* **TASK BRIEF**
When you reach the line that contains "Salle De Sport" in the data below, start reproducing lines exactly, and stop after the line that contains "Snag-A-Slip blog - Baltimore, Maryland".

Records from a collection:
··········
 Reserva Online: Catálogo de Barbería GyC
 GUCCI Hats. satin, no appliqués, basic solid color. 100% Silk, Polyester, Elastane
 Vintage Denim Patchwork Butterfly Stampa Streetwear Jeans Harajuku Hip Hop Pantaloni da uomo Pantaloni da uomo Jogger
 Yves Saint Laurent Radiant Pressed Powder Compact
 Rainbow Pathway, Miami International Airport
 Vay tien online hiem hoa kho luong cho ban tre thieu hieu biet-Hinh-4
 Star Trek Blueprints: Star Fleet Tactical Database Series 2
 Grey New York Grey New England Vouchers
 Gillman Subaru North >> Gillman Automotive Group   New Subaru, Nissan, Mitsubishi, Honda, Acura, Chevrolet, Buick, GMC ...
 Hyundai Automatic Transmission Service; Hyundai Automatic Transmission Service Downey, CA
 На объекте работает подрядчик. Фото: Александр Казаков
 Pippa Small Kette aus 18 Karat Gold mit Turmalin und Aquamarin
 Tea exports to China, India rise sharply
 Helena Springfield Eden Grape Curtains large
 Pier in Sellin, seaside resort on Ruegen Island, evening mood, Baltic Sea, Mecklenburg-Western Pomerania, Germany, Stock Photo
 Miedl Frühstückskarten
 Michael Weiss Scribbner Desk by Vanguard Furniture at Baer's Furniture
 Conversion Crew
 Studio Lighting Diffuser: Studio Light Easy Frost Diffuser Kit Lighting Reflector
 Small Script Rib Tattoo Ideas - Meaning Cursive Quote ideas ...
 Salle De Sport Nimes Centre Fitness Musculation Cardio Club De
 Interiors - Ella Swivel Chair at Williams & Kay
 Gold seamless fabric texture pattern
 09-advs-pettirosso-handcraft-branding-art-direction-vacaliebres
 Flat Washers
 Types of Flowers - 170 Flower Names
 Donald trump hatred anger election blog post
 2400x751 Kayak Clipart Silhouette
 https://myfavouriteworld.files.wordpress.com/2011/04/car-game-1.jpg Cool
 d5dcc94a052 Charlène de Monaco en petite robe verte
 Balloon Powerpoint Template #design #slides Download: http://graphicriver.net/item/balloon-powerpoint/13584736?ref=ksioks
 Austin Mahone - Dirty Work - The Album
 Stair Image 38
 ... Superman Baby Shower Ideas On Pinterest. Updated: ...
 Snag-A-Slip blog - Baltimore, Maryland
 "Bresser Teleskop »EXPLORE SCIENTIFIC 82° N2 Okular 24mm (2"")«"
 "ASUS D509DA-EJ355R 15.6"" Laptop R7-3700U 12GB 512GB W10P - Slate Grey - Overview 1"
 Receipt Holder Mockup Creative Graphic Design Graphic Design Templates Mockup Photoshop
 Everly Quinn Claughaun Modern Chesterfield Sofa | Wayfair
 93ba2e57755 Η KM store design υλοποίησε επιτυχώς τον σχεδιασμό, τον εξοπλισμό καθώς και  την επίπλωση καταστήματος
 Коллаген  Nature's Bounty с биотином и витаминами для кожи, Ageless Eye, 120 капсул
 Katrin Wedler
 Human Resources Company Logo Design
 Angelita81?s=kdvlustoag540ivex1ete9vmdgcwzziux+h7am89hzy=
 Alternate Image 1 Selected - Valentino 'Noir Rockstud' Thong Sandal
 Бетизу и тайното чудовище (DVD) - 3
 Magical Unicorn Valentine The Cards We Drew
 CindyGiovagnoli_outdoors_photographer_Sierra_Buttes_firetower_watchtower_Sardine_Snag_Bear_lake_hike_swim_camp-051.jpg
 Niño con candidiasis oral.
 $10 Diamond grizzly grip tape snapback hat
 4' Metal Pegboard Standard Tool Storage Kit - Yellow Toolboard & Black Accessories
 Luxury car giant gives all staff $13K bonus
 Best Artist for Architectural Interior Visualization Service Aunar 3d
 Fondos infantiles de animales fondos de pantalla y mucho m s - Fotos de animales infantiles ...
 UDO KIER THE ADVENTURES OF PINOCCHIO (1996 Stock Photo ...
··········
* **OUTPUT FOR THIS TASK**
 Salle De Sport Nimes Centre Fitness Musculation Cardio Club De
 Interiors - Ella Swivel Chair at Williams & Kay
 Gold seamless fabric texture pattern
 09-advs-pettirosso-handcraft-branding-art-direction-vacaliebres
 Flat Washers
 Types of Flowers - 170 Flower Names
 Donald trump hatred anger election blog post
 2400x751 Kayak Clipart Silhouette
 https://myfavouriteworld.files.wordpress.com/2011/04/car-game-1.jpg Cool
 d5dcc94a052 Charlène de Monaco en petite robe verte
 Balloon Powerpoint Template #design #slides Download: http://graphicriver.net/item/balloon-powerpoint/13584736?ref=ksioks
 Austin Mahone - Dirty Work - The Album
 Stair Image 38
 ... Superman Baby Shower Ideas On Pinterest. Updated: ...
 Snag-A-Slip blog - Baltimore, Maryland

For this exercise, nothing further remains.